WHAT YOU NEED TO DO: Reproduce the listing exactly. Omit pictures.

COLLECTED MATERIAL:
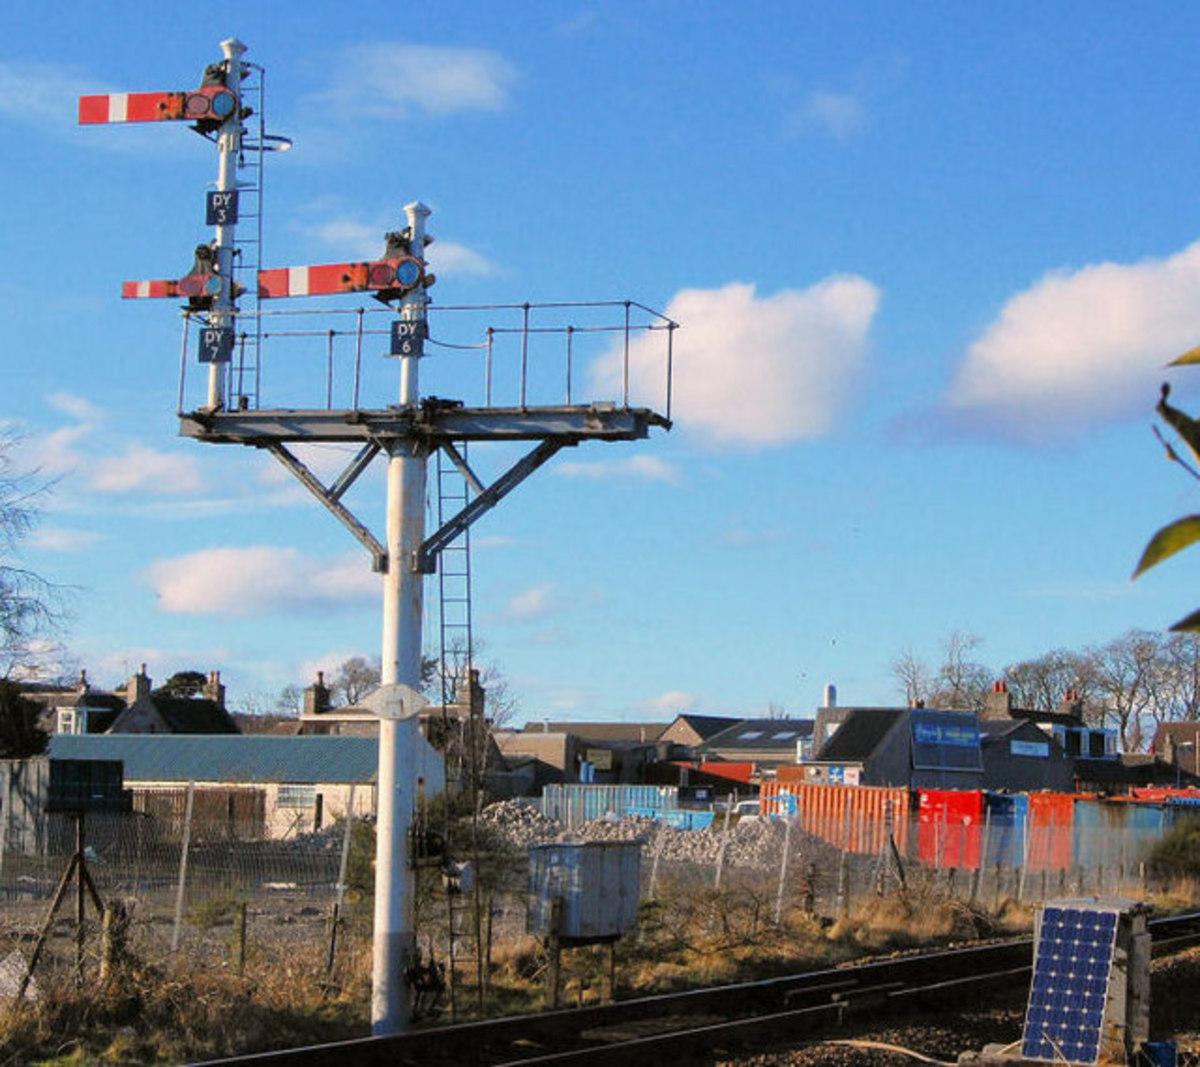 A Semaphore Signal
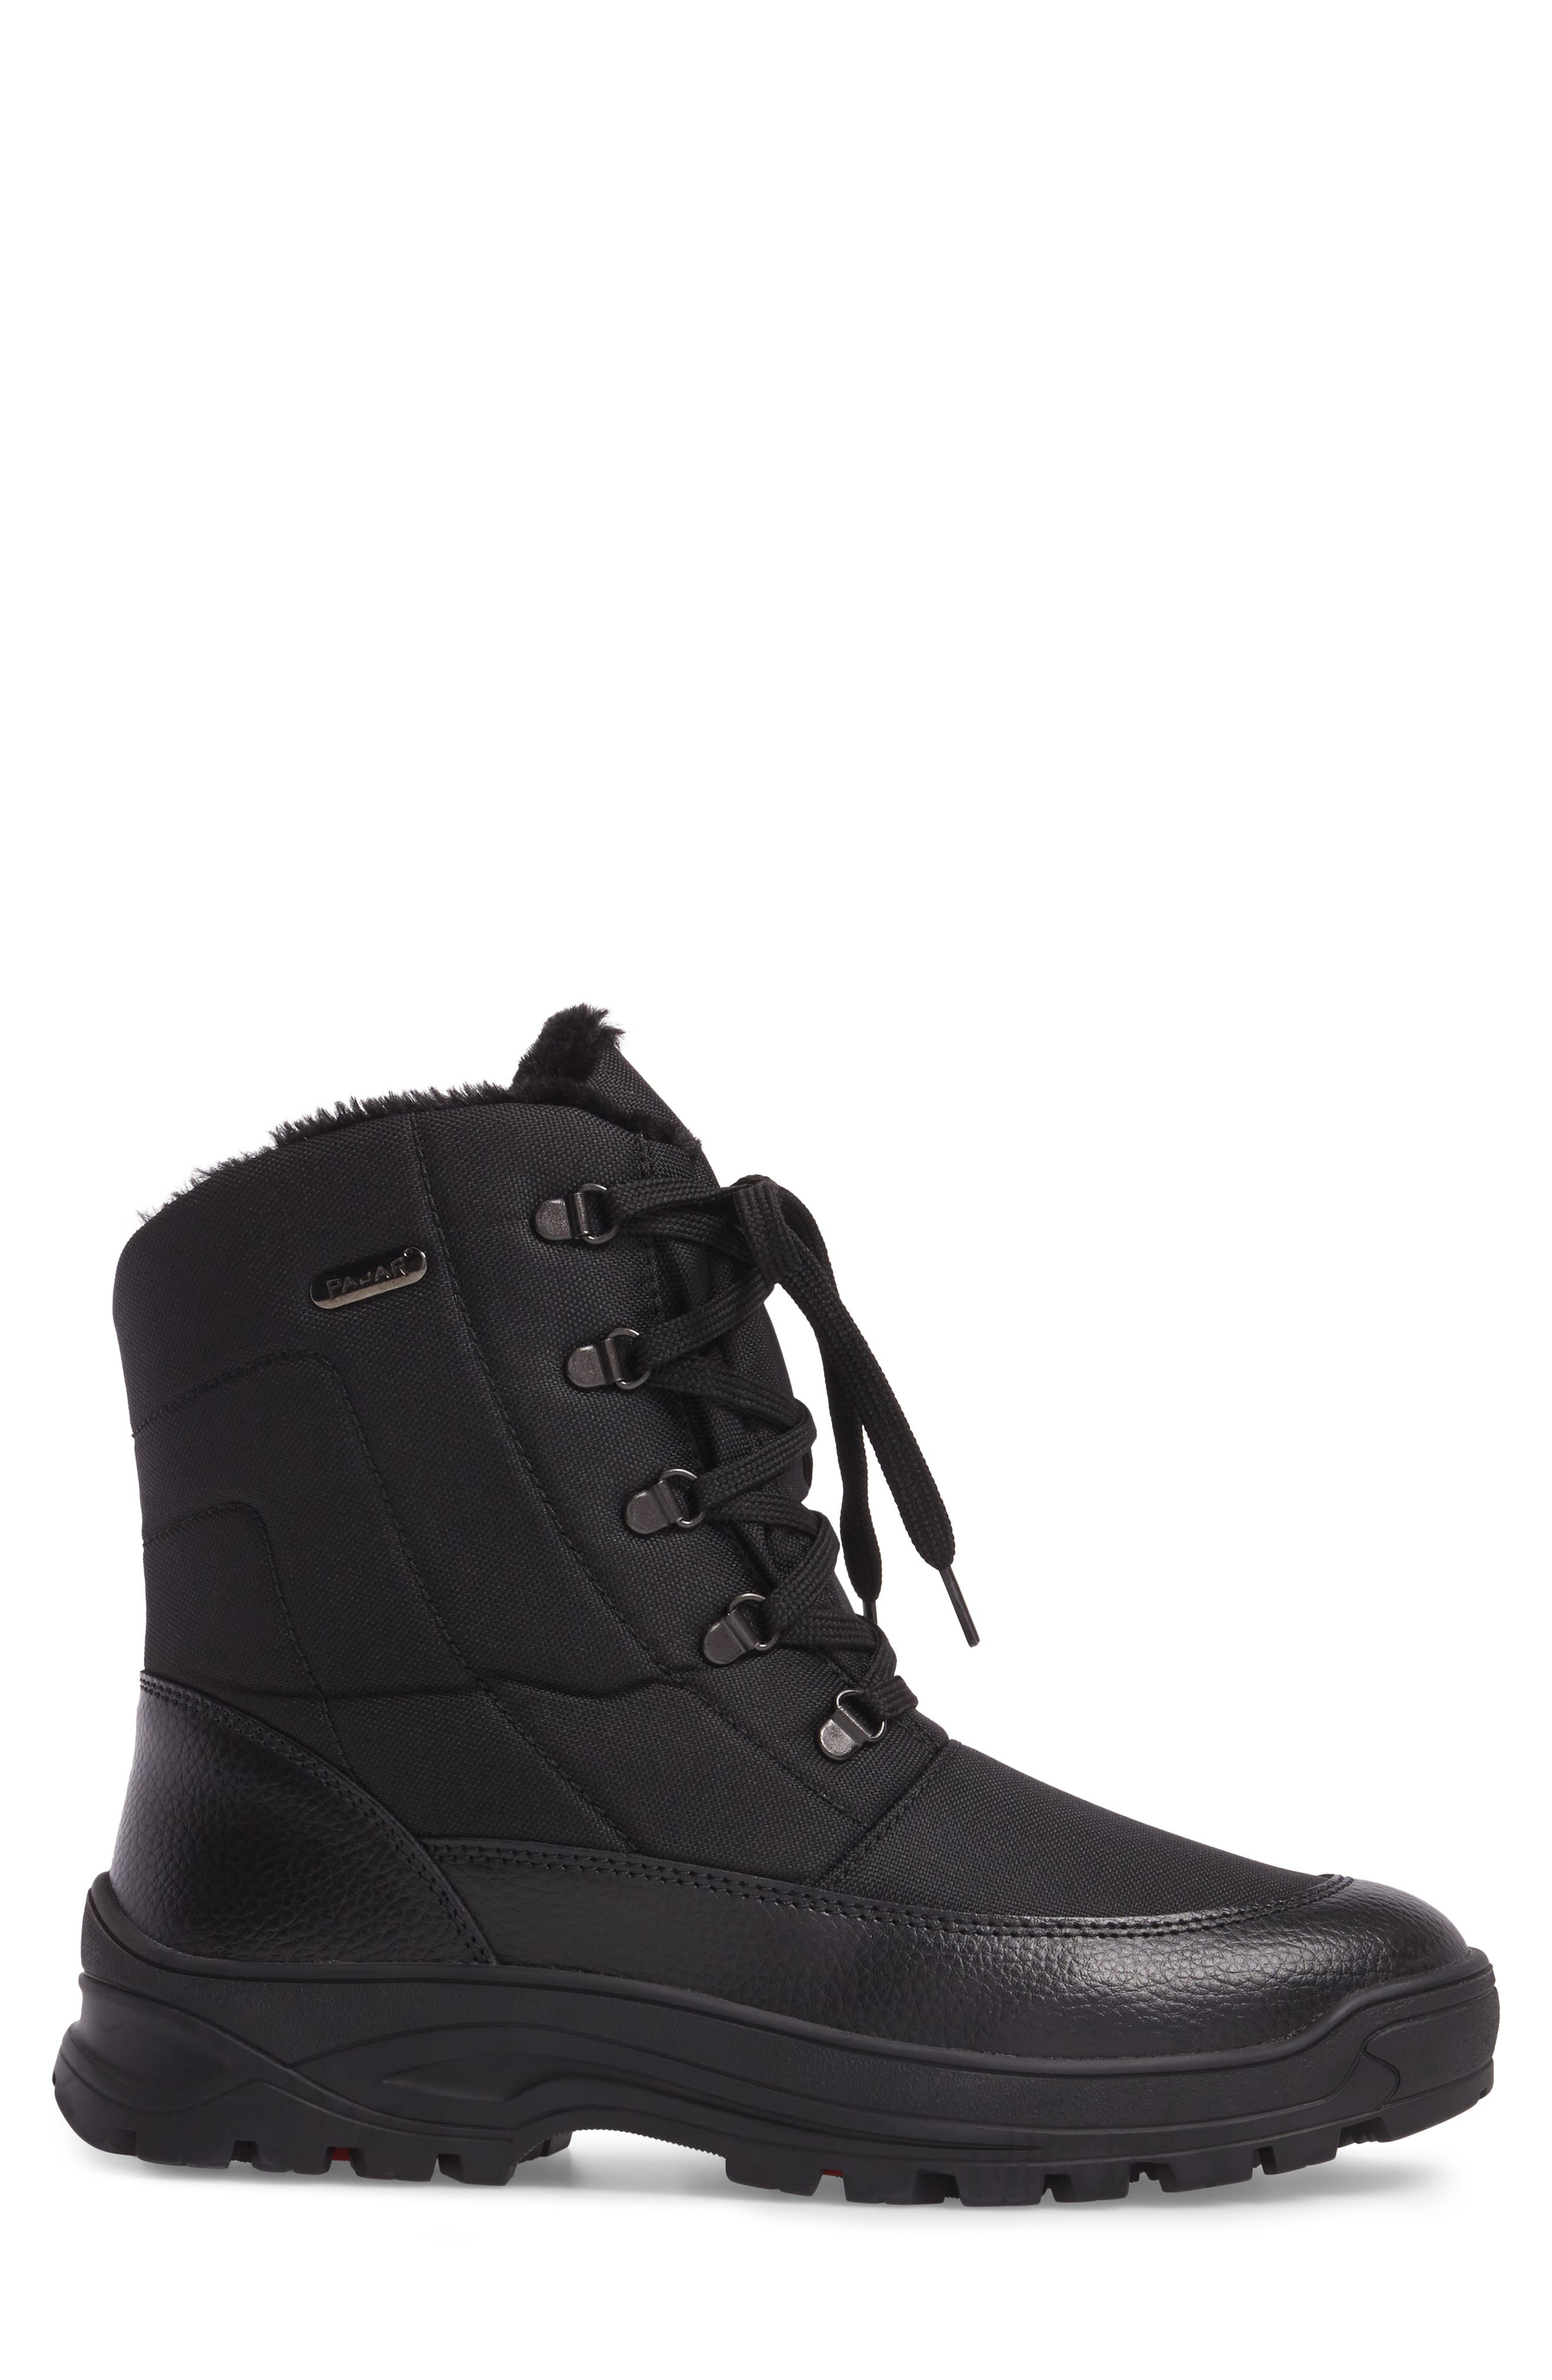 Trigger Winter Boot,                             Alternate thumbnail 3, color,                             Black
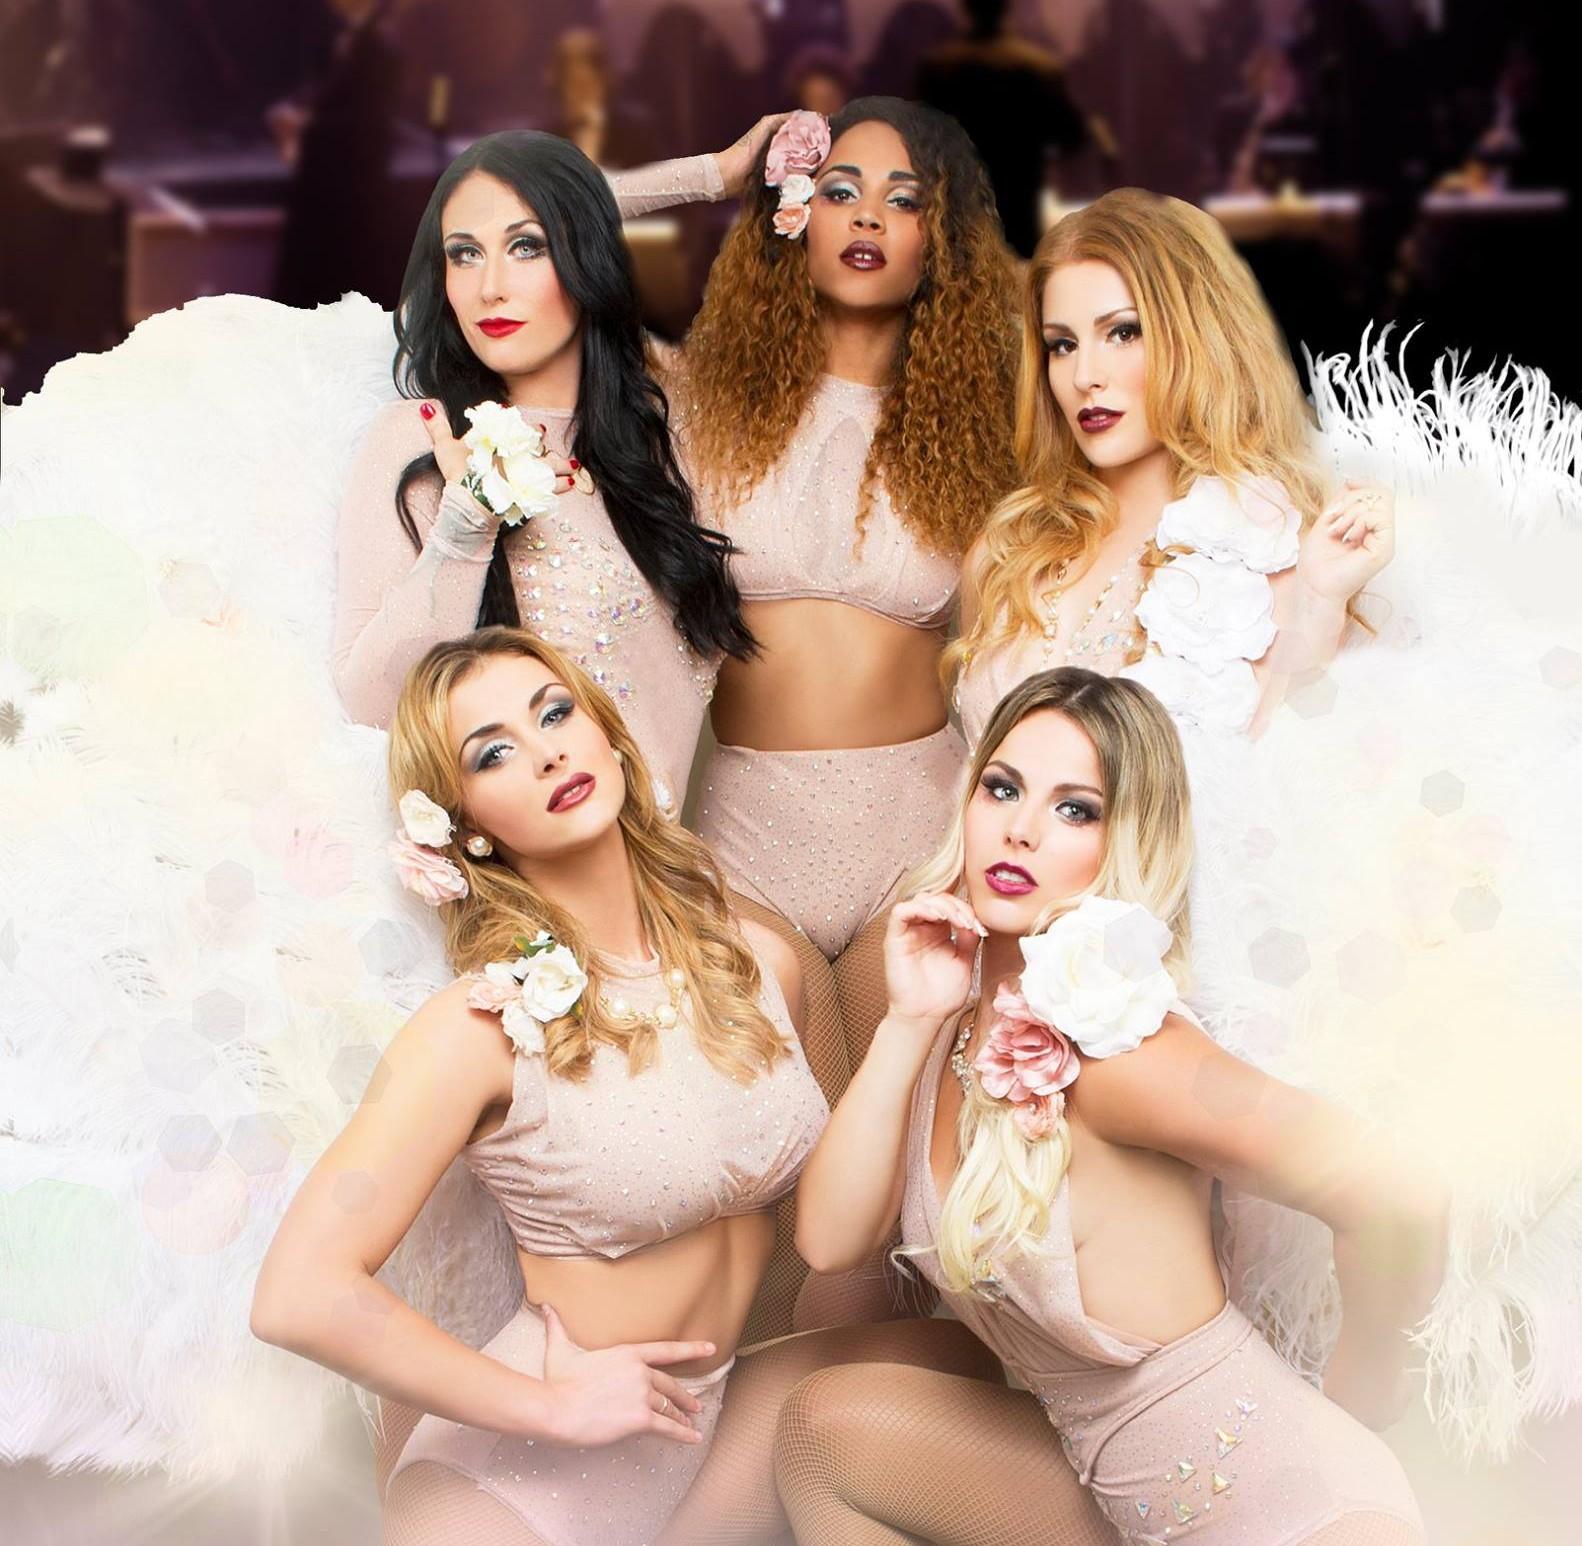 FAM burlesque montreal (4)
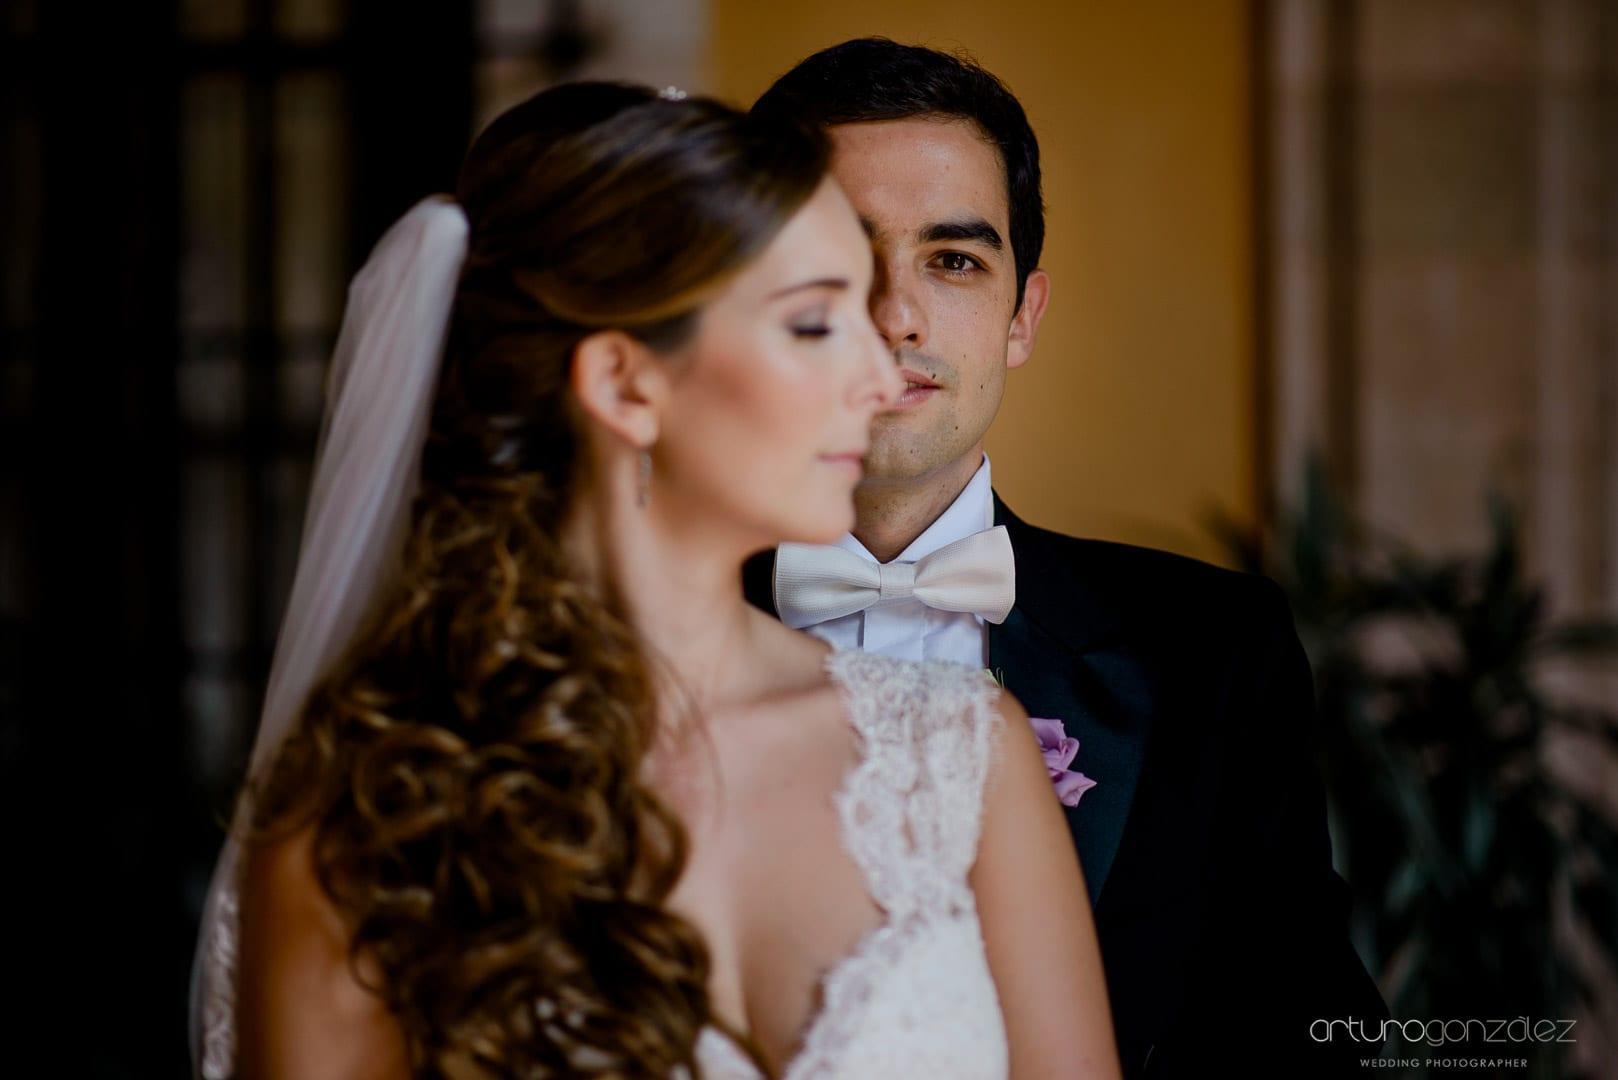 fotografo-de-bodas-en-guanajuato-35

WRITTEN SOLUTION:
 A Semaphore Signal
 Trigger Winter Boot,                             Alternate thumbnail 3, color,                             Black
 FAM burlesque montreal (4)
 fotografo-de-bodas-en-guanajuato-35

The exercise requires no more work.